First we locate the next closest heater of houses[i]:

// Move to the closest next heatzers heaters[j] <= houses[i]
houses               7       10
heaters  1 2    5    7 
         j --------> j'

houses               7       10
heaters  1 2    5       8 
         j -----------> j'

Then the current j and previous position j - 1 of the heater can be the previous and next closest heater for the house. We calculate the minimum distance from the previous and next heaters, and update the answer.

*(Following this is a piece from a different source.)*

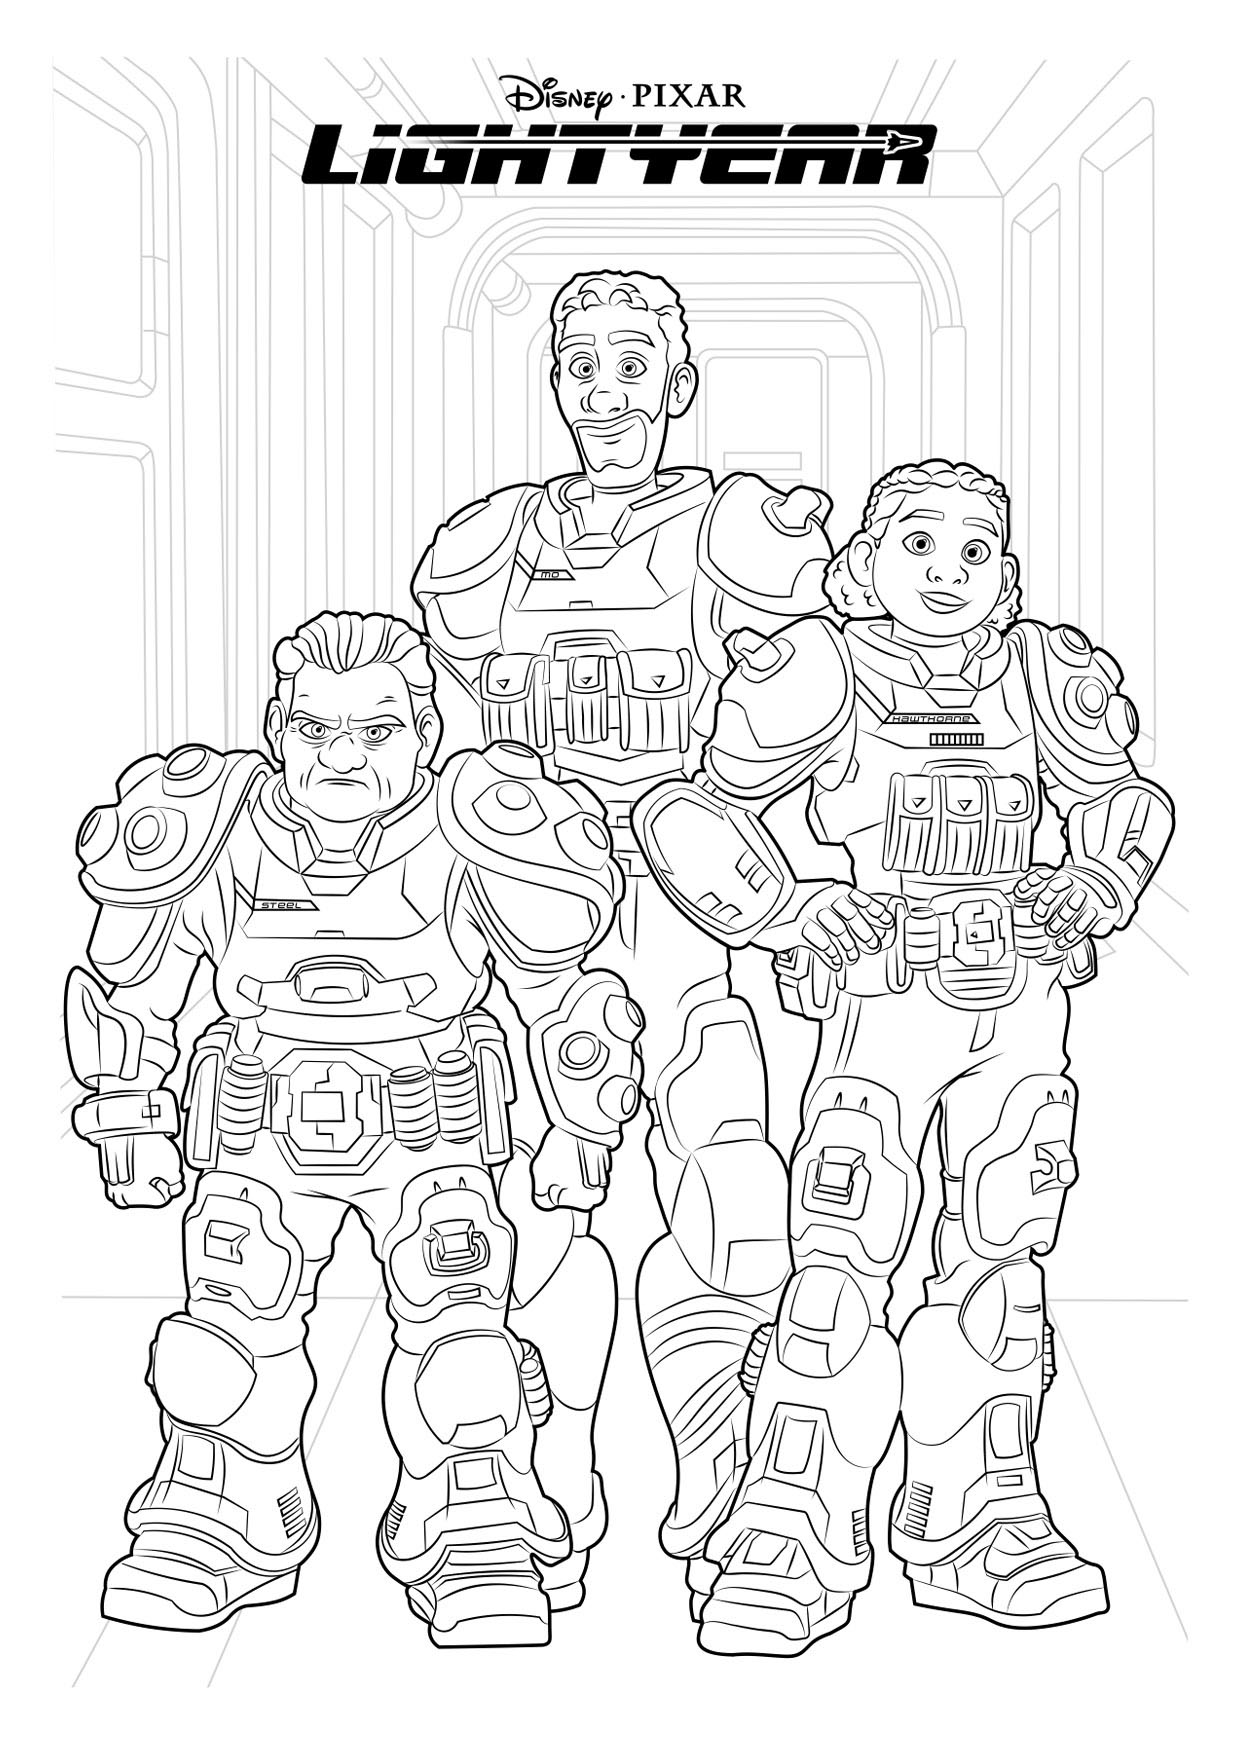 Lightyear space rangers coloring page - Coloring pages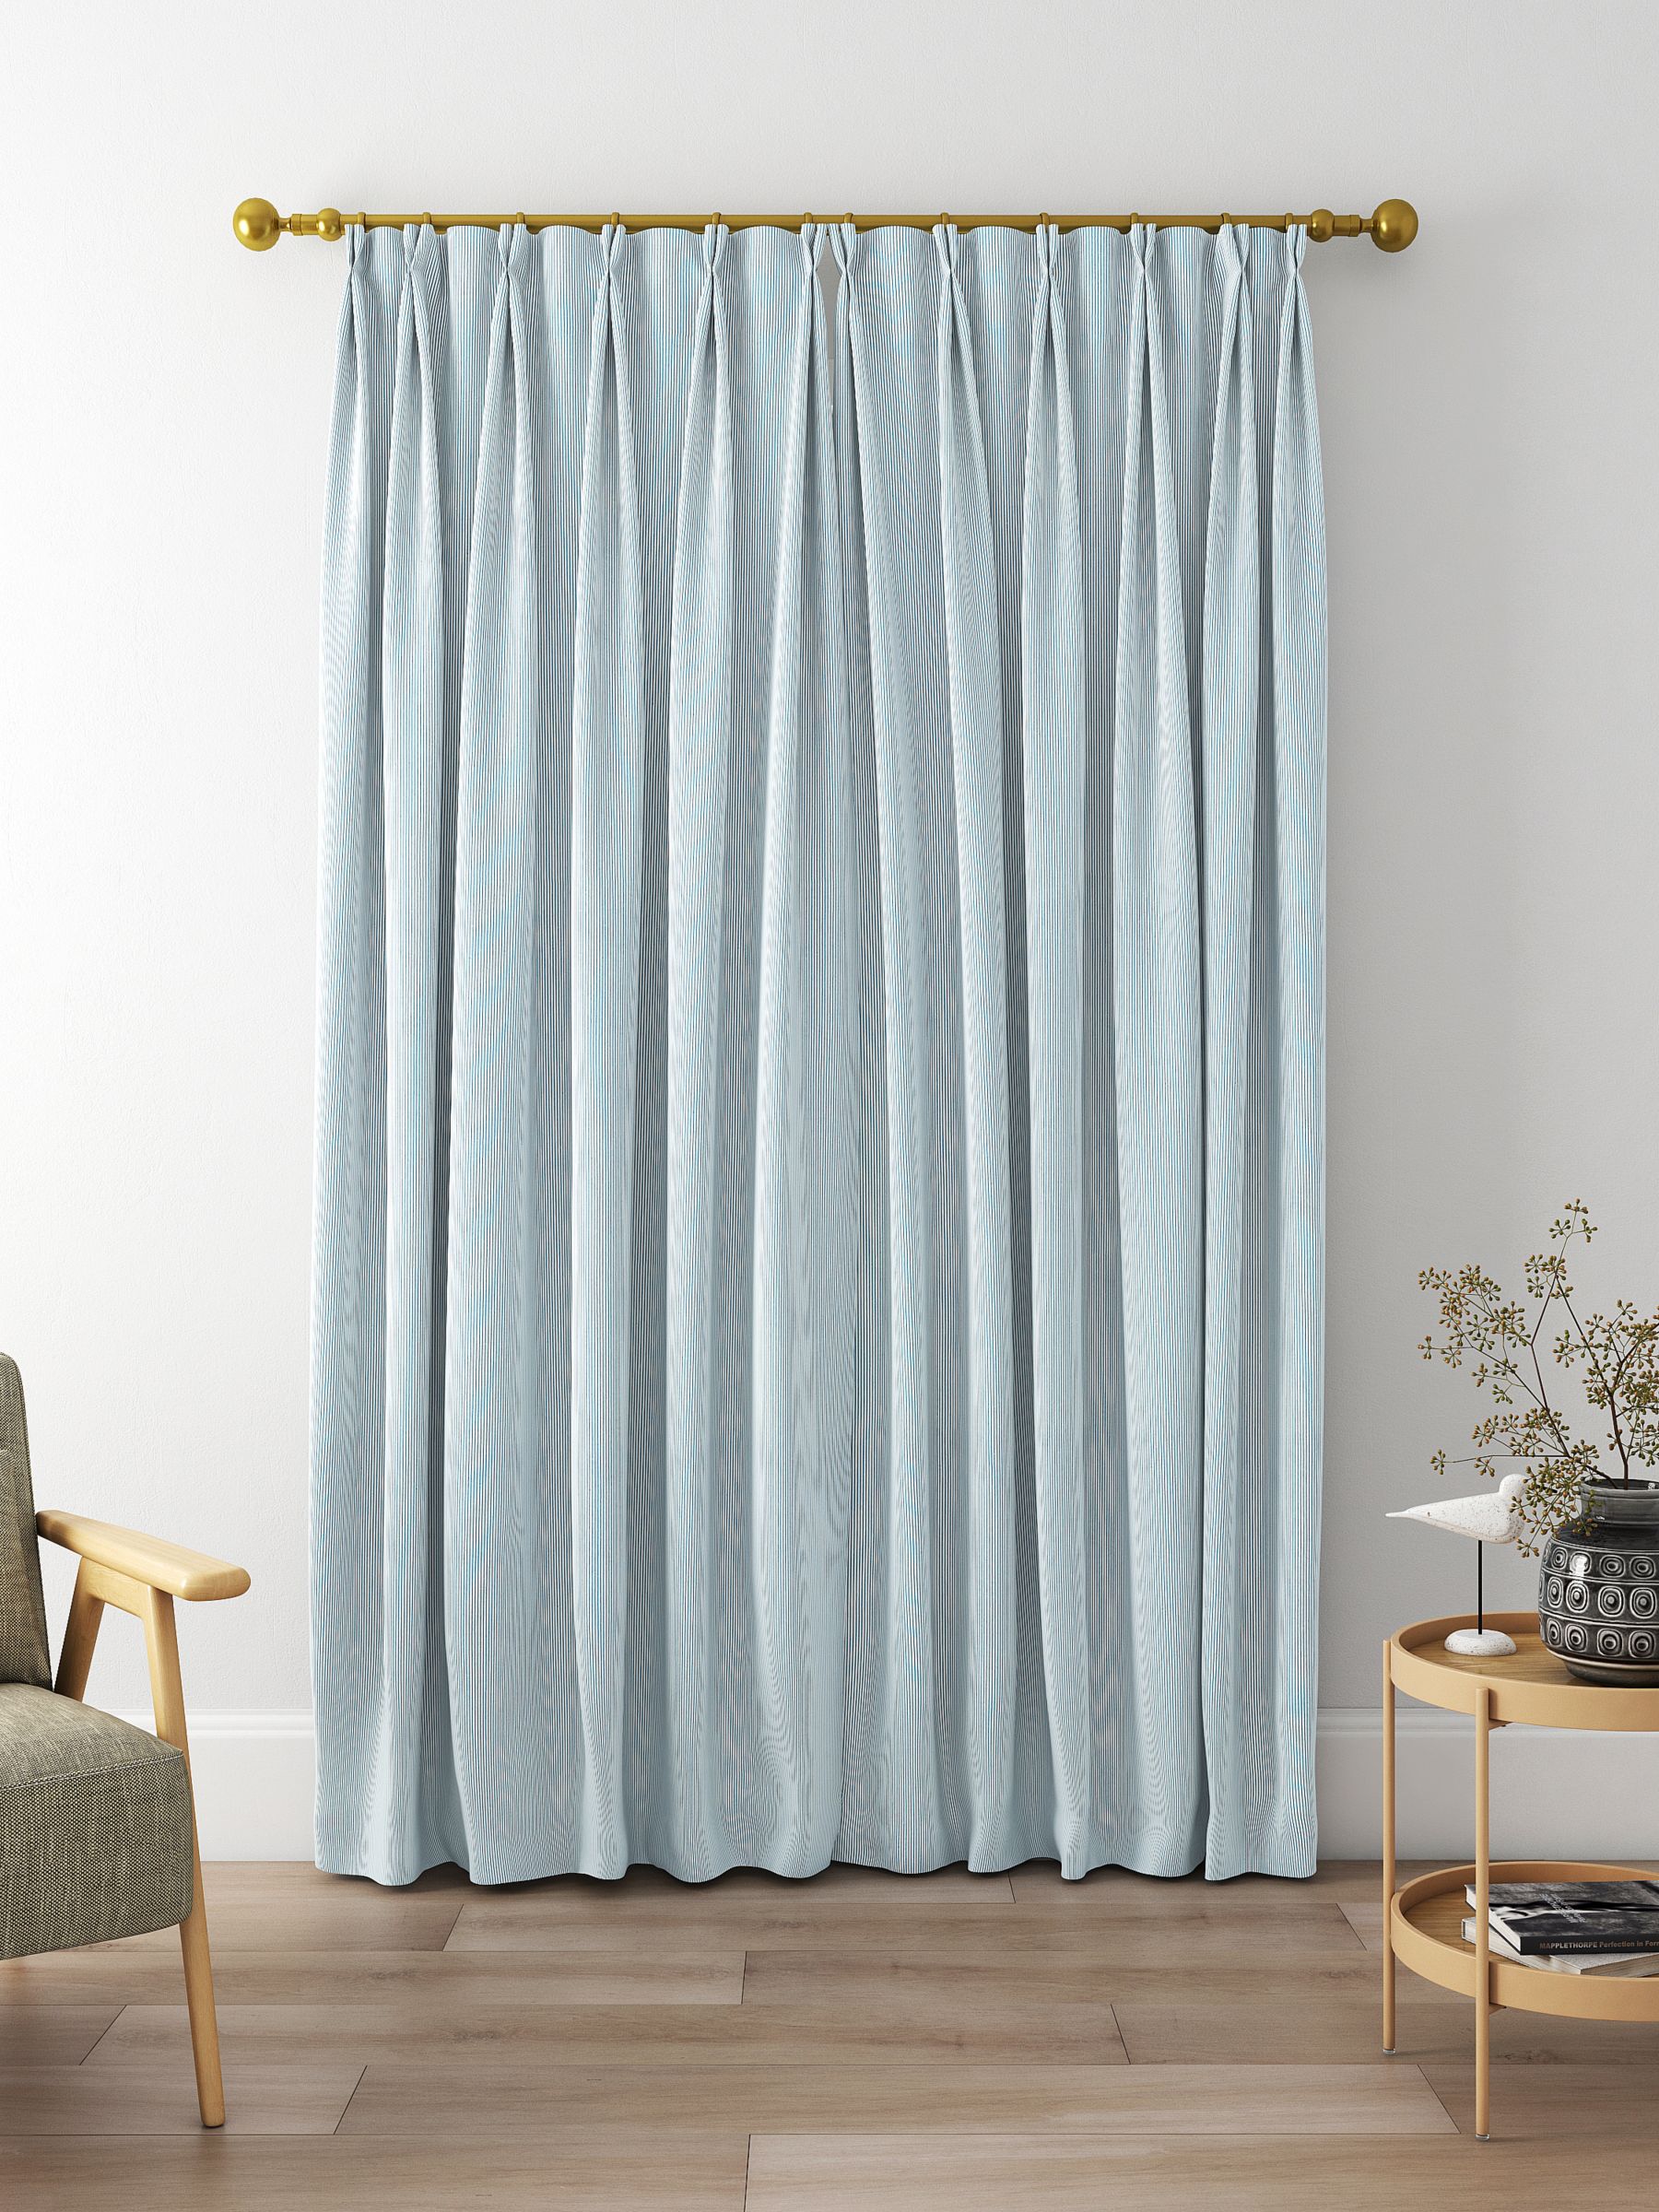 Clarke & Clarke Breton Made to Measure Curtains, Chambray

houses              h1,      h2
                    i
heaters  * *    *       * 
                        j   (next heater)
                ^ 
                j - 1  (previous heater)

Please note that it's necessary to handle the two corner cases explicitly to avoid out of bound when accessing the heaters[j].

fun findRadius(houses: IntArray, heaters: IntArray): Int {
    val m = houses.size
    val n = heaters.size
    houses.sort()
    heaters.sort()

    var minRadius = 0
    var j = 0 // heater index
    for (i in 0 until m) {
        // We move to the closest "next" heater (e.g. house[i] <= heaters[j]).
        while (j < n && heaters[j] < houses[i]) j++

        // My mistake: This only locates the last heater that heaters[j] < house[i].
        // while (j + 1 < n && heaters[j + 1] <= houses[i]) j++

        val distance = if (j == 0) { // Corner case 1: (all houses) ... heaters[0]
            heaters.first() - houses[i]
        } else if (j == n) { // Corner case 2: (all heaters) ... houses[0]
            houses[i] - heaters.last()
        } else {
            // We do have previous and next heaters.
            val previousDistance = houses[i] - heaters[j - 1]
            val nextDistance = heaters[j] - houses[i]
            minOf(previousDistance, nextDistance)
        }
        minRadius = maxOf(minRadius, distance)
    }
    
    return minRadius
}

• Time Complexity: O(n * log n + m * log m + (m + n)) = O(n log n + m * log m) where n is the size of the heaters array and m is the size of the houses array:
  • O(n * log n) for sorting the heaters array.
  • O(m * log m) for sorting the houses array.
• Space Complexity: O(log n + log m) for sorting.